Весной во дворе будут весело тявкать, а летом – лениво бродить собаки, тупо смотреть и жевать жвачку коровы, станут приезжать на телегах крестьяне, снимать шапки, входя в отцовскую контору, где она всю первую половину дня будет записывать цифры, касающиеся урожая и продажи, хотя она и не обязана это делать, хотя ей можно было бы вообще этим не заниматься; она могла бы поехать к сестре Кристине в Любляну, к ее мужу и детям, могла бы есть разные шоколадки и попивать кофе, потому что сейчас все пьют кофе, и ее сестра Кристина его просто обожает, как и чашечки, из которых его пьют, – все это она вполне могла бы делать. Или смотрела бы, как вокруг Добравы цветут деревья, как потом на полях пламенеет гречиха, как под ветром пригибаются колосья пшеницы, как летают над самой водой стрекозы, могла бы слушать ночное кваканье лягушек, пока дни не станут короче, не придет осень, когда тени делаются все длиннее; затем наступит и зима – чтение, тишина, разговоры, одиночество, воскресные мессы в холодной церкви, где и у людей холод на лицах, а там не за горами и пасхальные праздники. И каждое утро тут, на стене, ее будет ждать зеркало, а еще умывальник, гребенка, мыло, благовония, но главное – зеркало. Зеркало, которое видело все, даже большой противный прыщ на спине, хотя, как ей казалось, она была уже в таком возрасте, когда не должно быть никаких прыщей, даже на спине. Каждый день начинается с утреннего умывания и расчесывания волос перед зеркалом, со взгляда на свое постепенно стареющее лицо с заостряющимися чертами, все больше похожее на лицо отца, – день этот затем подойдет и к полудню, к звону медных кастрюль, к стуку металлических тарелок в кухне под се комнатой, резкому смеху девушек, плеску выливаемой в сточную канаву на краю двора воды, к тихому трепету деревьев в лесу на склоне горы, на которой выше стоит церковь святого Роха.
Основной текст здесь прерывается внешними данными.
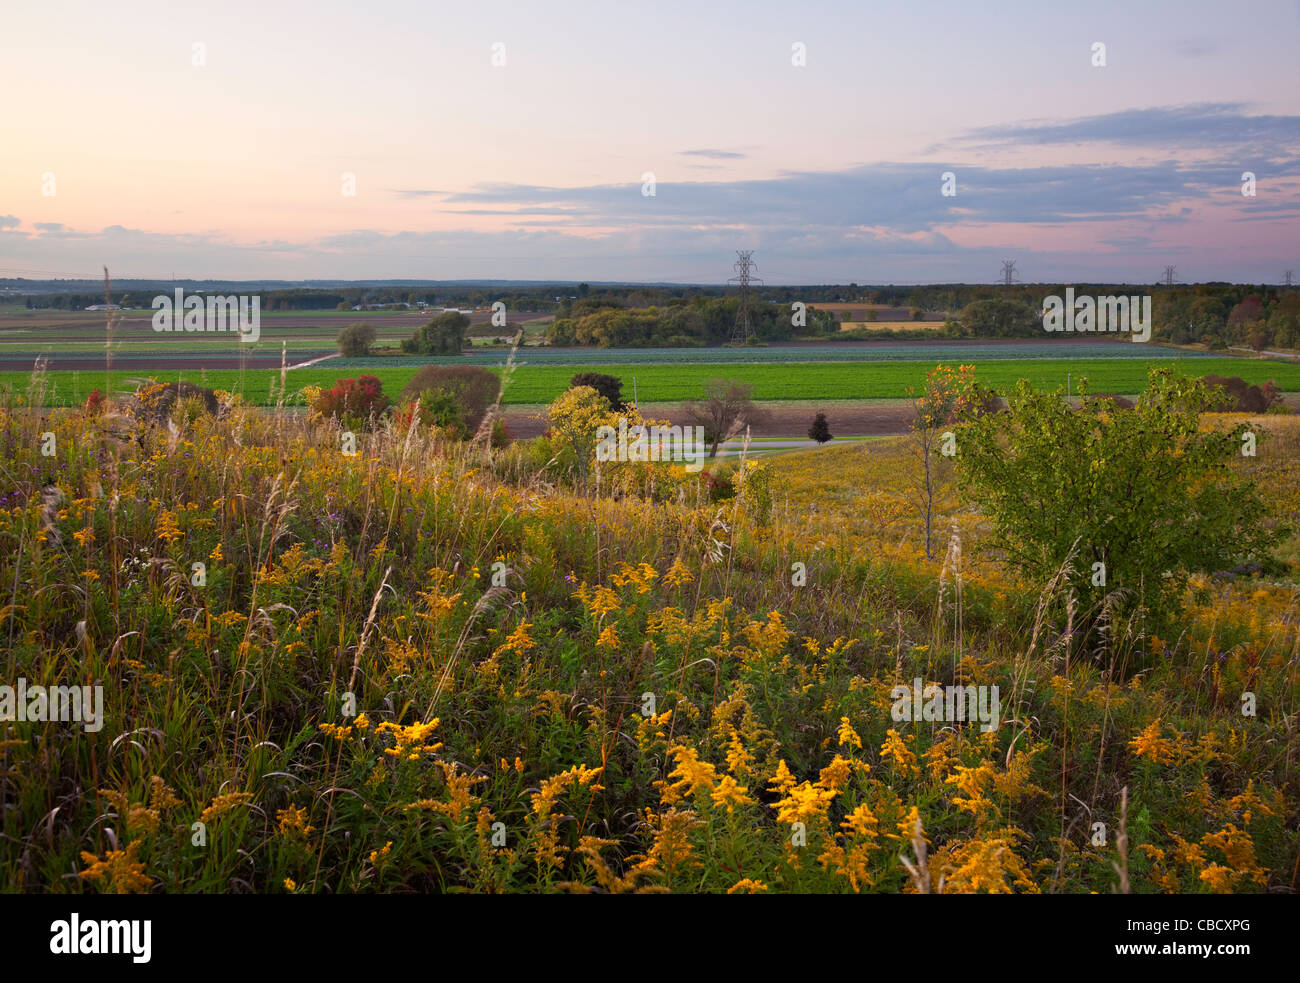 Coucher de soleil sur une section de l'Holland Marsh. Bradford West Gwillimbury, Ontario, Canada. Banque D'Images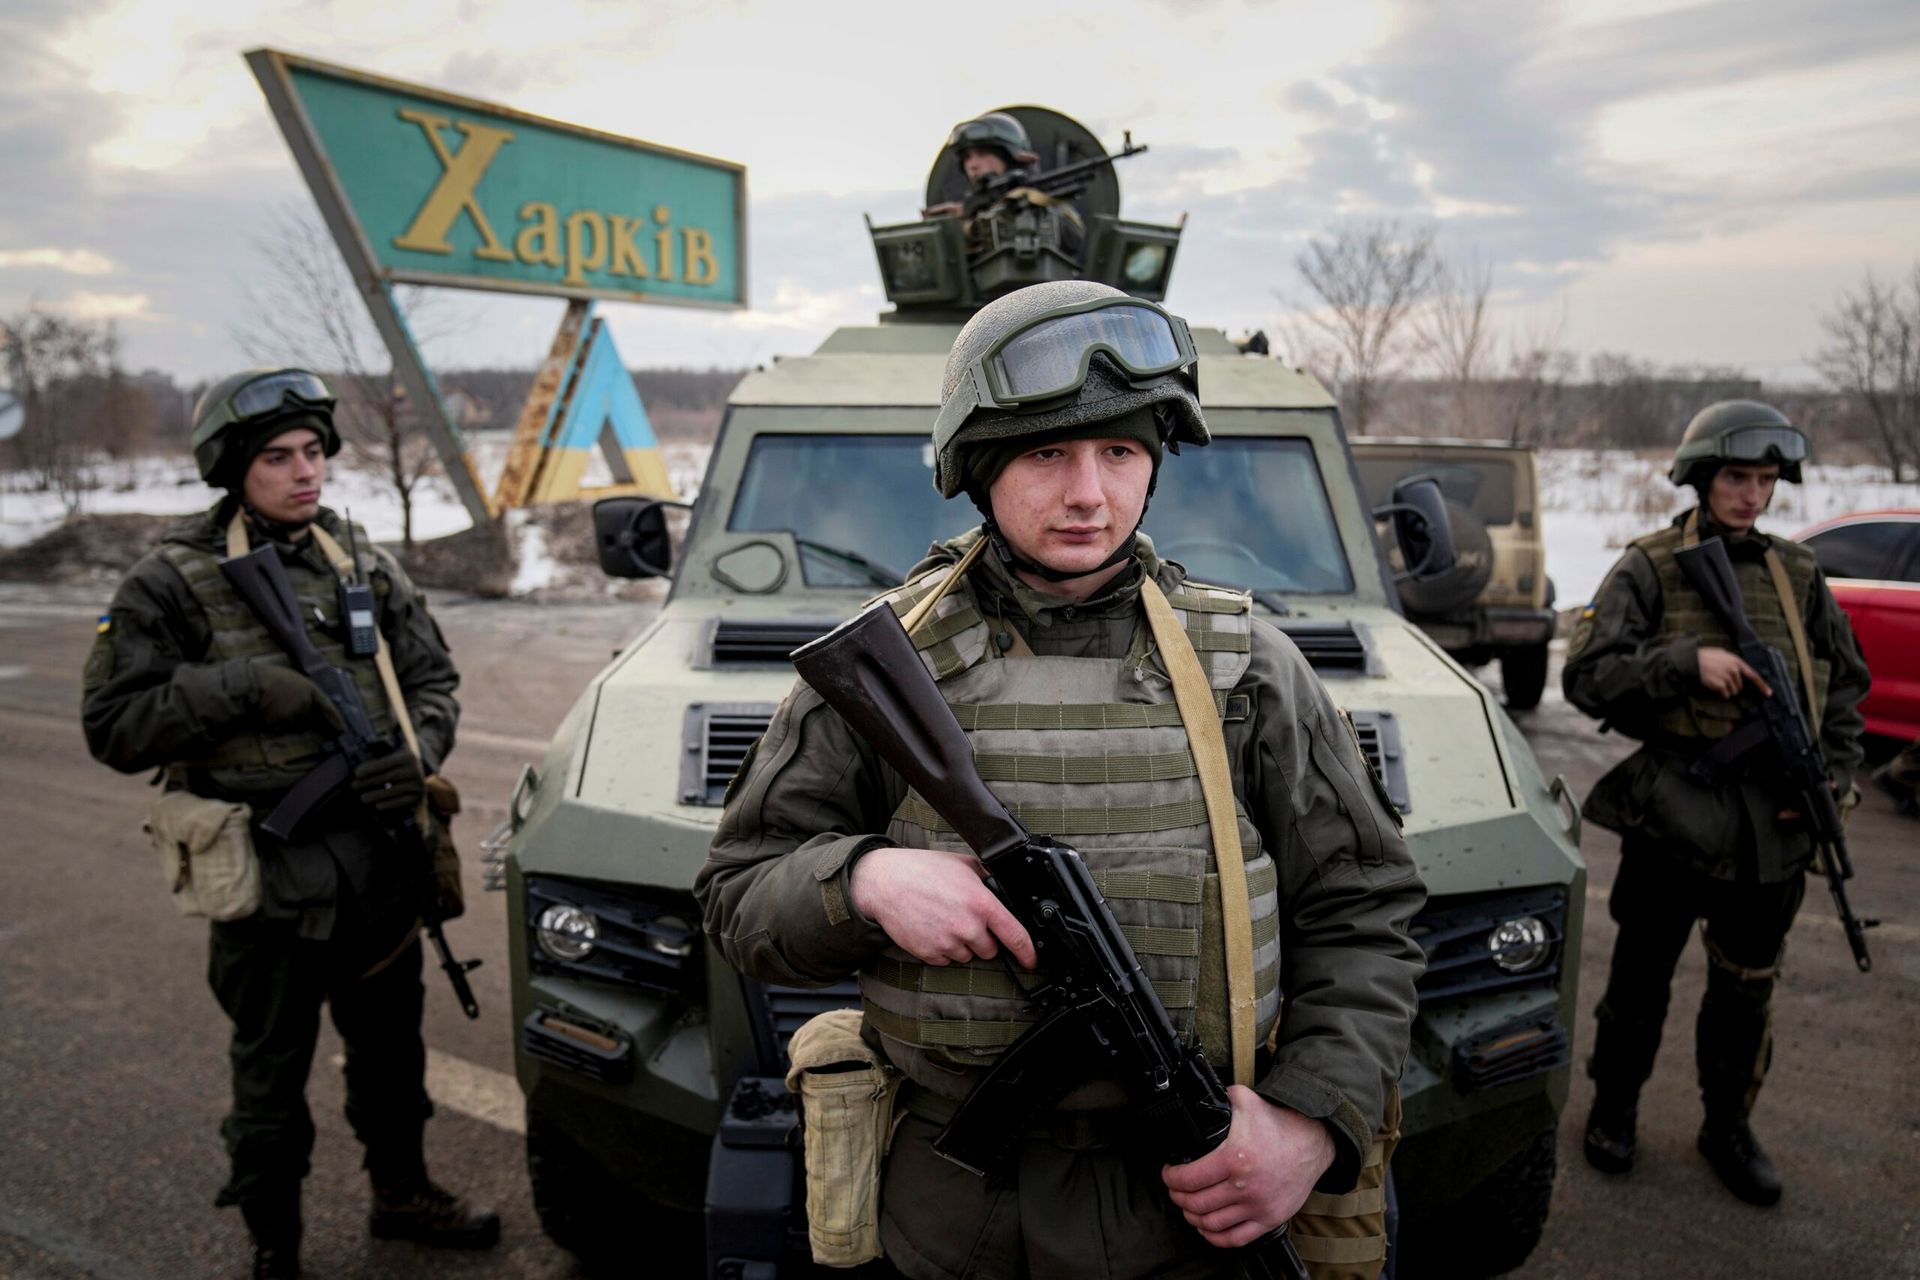 Reden snorkel Oost Nederland gaat wapens leveren aan Oekraïne - Joop - BNNVARA

В этот день она решила, что не будет здесь дожидаться осени, даже лета не станет ждать – уйдет.
Вечером она стояла у дверей, чтобы встретить отца, глядя, как он вместе с батраком ехал по пыльной дороге с поля – смотрела на эту знакомую картину, когда силуэты обоих ездоков становятся все больше, на мгновение они исчезают за буковой рощицей, отделяющей строения усадьбы от широких полей, и вскоре затем, уже перед хлевом, всадники шумно спрыгивают с коней, отец спокойным повелительным голосом дает еще какие-то распоряжения, потом, усталый, пыльный, довольный, быстро вытаскивает из колодца ведро воды, черпает ее кружкой, жадно, с удовольствием пьет большими глотками. Катарина подошла к нему, подождала, пока он допьет воду и переведет дух, затем сказала, что пойдет с паломниками. Он, не глядя на нее, отставил кружку и вошел в дом, ему не хотелось разговаривать во дворе. Он знал, что в один прекрасный день она скажет что-то подобное, нечто бессмысленное и несуразное… Она вошла за ним следом, он сел за стол, налил себе в стакан вина. С этими людьми, сказал он, с этими людьми ты никуда не пойдешь. Он хотел сказать: с этим сбродом, с этой развратной швалью, но он был человеком благочестивым и не мог так говорить о старых народных религиозных обычаях. – Я пойду в Кельн, – сказала она, – пойду в Аахен, через Баварию, поплыву на корабле по Рейну.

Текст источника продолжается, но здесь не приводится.